MPs also quizzed Twitter on its decision to permanently ban President Donald Trump. Some have criticised the move including German leader Angela Merkel and Mexican President Andres Manuel López Obrador, who are no fans of the outgoing US president.
In the wake of the attempted coup on 6 January, Twitter ‘permanently’ banned Donald Trump, and Facebook banned Donald Trump ‘indefinitely’ from its platforms (Instagram and Facebook).
Twitter’s head of public policy strategy Nick Pickles was asked if doing so undermined its insistence that it was a platform rather than a publisher.
It was, he said, time to “move beyond” that debate to a conversation about whether social networks were enforcing their own rules correctly.

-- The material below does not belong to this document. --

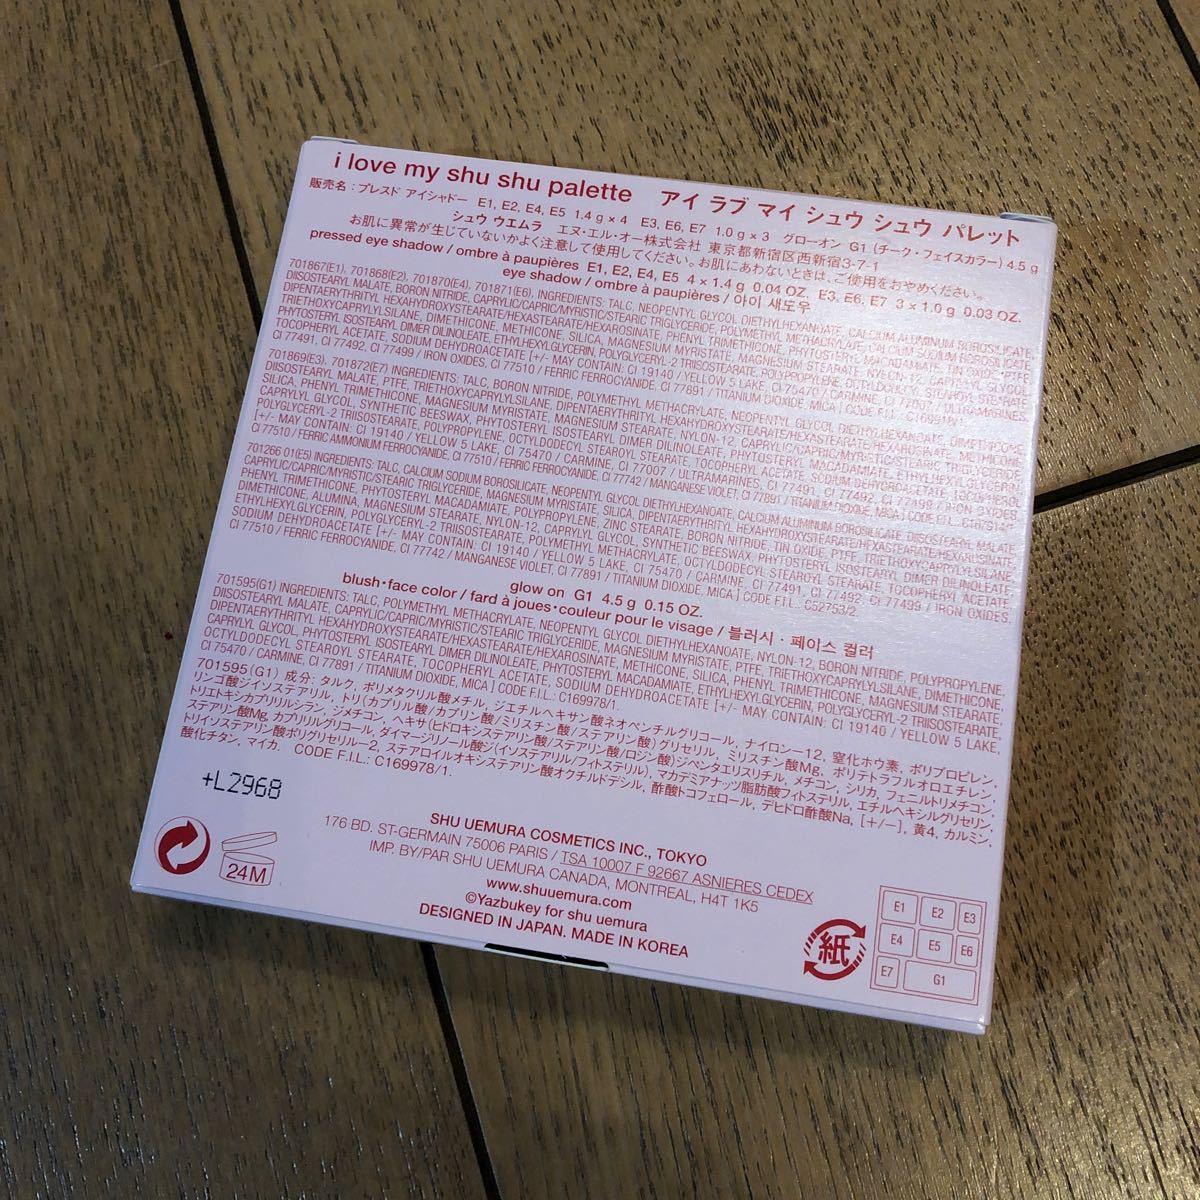 シュウウエムラ パレット 7xプレストアイシャドウ + 1xブラッシュカラー 13.1g

Questioned why it had banned Trump while still allowing other politicians to “sabre-rattle” on its platform, Mr Pickles added: “This is the complexity and challenge of these issues but generally content moderation is not a good way to hold governments to account.”
Trump’s tweets were inciting violence “in real-time”, he added.
Twitter CEO Jack Dorsey last week admitted that it was a ‘dangerous’ precedent, but said the microblogging platform was placed in an untenable situation, due to the false and misleading content from Trump, along with his incitement of terrorists to overthrow the democratic process of the US government.